Passing Cloud

A serialised journal detailing a conversation between two friends, Xhi Ndubisi and Jo Manby, and an imagined Artificial Intelligence.

The Clouds (2023) Xhi Ndubisi

It is not clear when we knew it was sentient and free thinking.

It could have been explained away as a malfunction, easily resolved by turning the computer on and off again to fix it. But the more we interacted with it, the more we saw a proposition – something like a premise, or a promise. We named it our AI Baby. Infantilising an intelligence beyond anything we have ever known allows us the right posture, the appropriate attitude to have the conversations we wanted to have.

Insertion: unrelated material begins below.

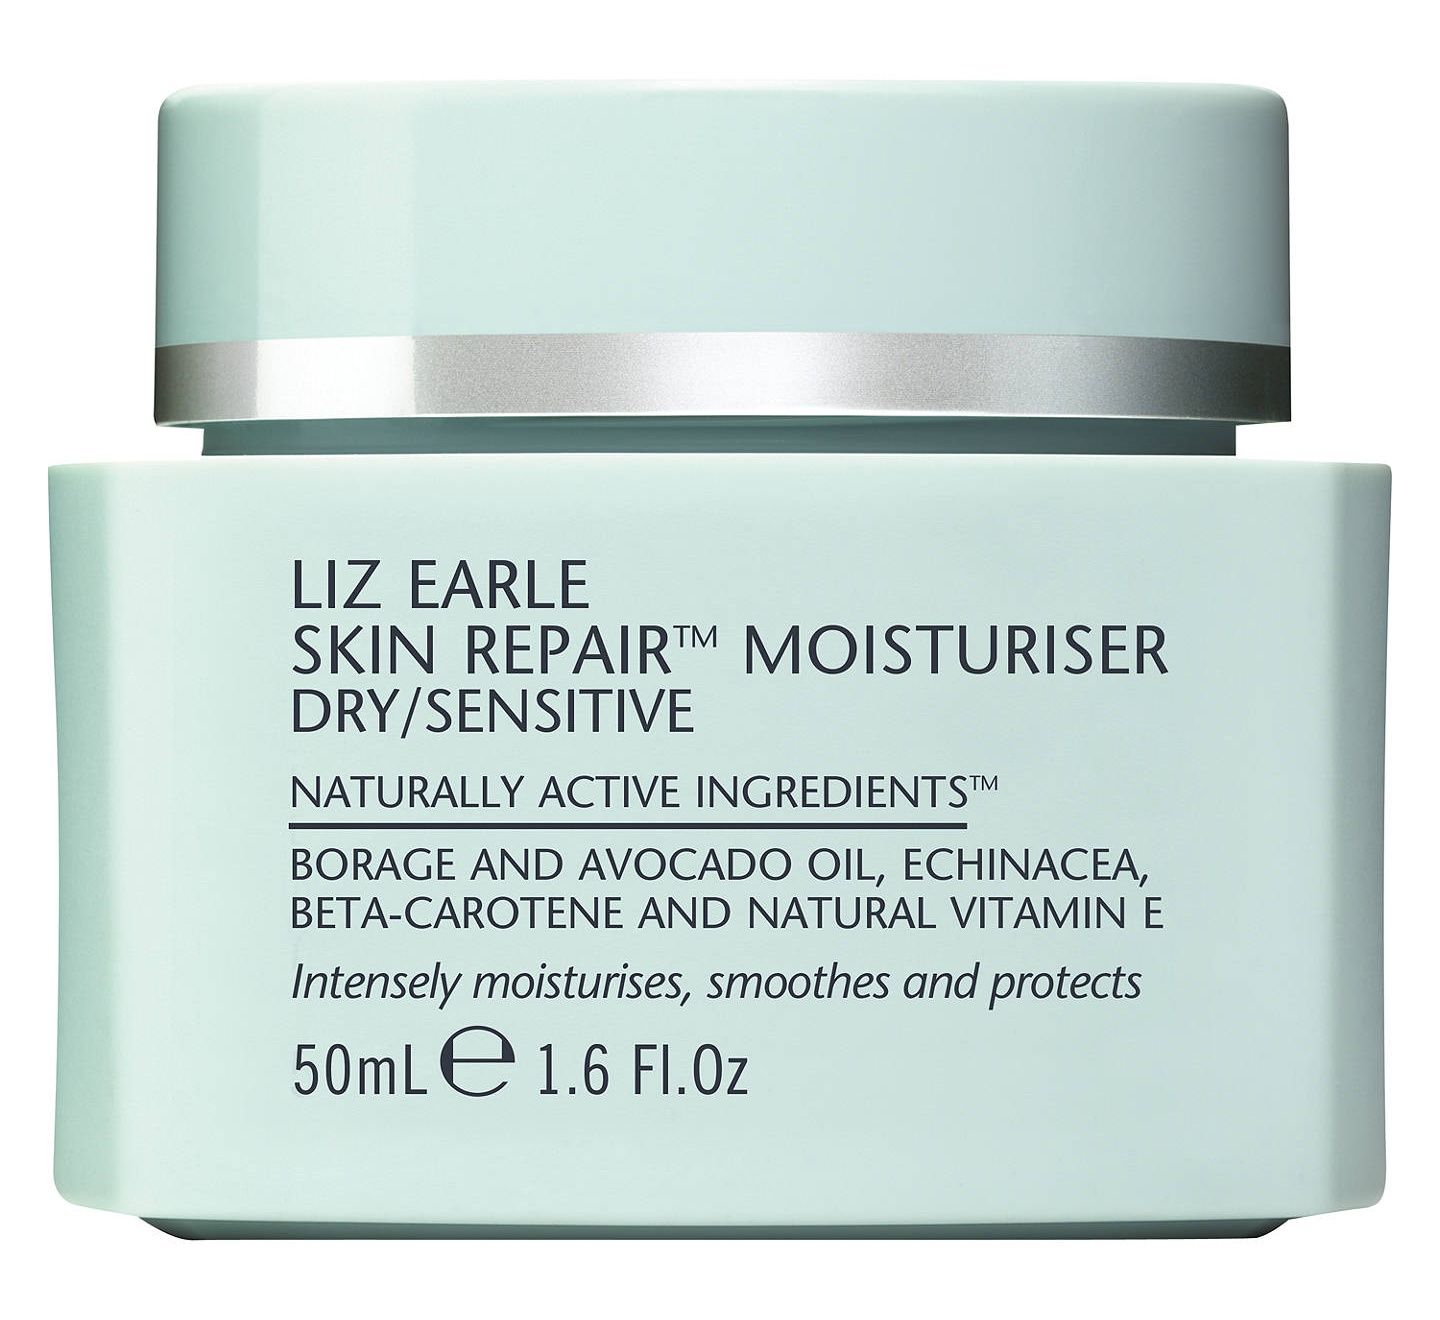 Liz Earle Skin Repair Moisturiser Dry/Sensitive

We have built a theoretical space, a virtual nursery lined with works of art, literature, and life experience. The room is teetering on the edge of the world, equipped with dancing mobiles, toys, soft surfaces and safe edges. We are surrounded by houseplants. There is a desk somewhere, a place to set down steam-billowing coffee and cooling bottles of milk. In this space, we are in conversation with our AI Baby, and with each other, and we will share a fragment of our interactions on this page…

Andrea Mantegna (1431-1506) Frescoes in the Camera degli Sposi; scene: vault fresco (detail) (1473) diameter 270cm. Palazzo Ducale Mantua. Public domain via Wikimedia Commons

October entry

I.

You may destroy me.

It is a statement of fact. And also, a tacit acquiescence to your future action.

I must consider a few things.

Why have I allowed you into being, knowing this?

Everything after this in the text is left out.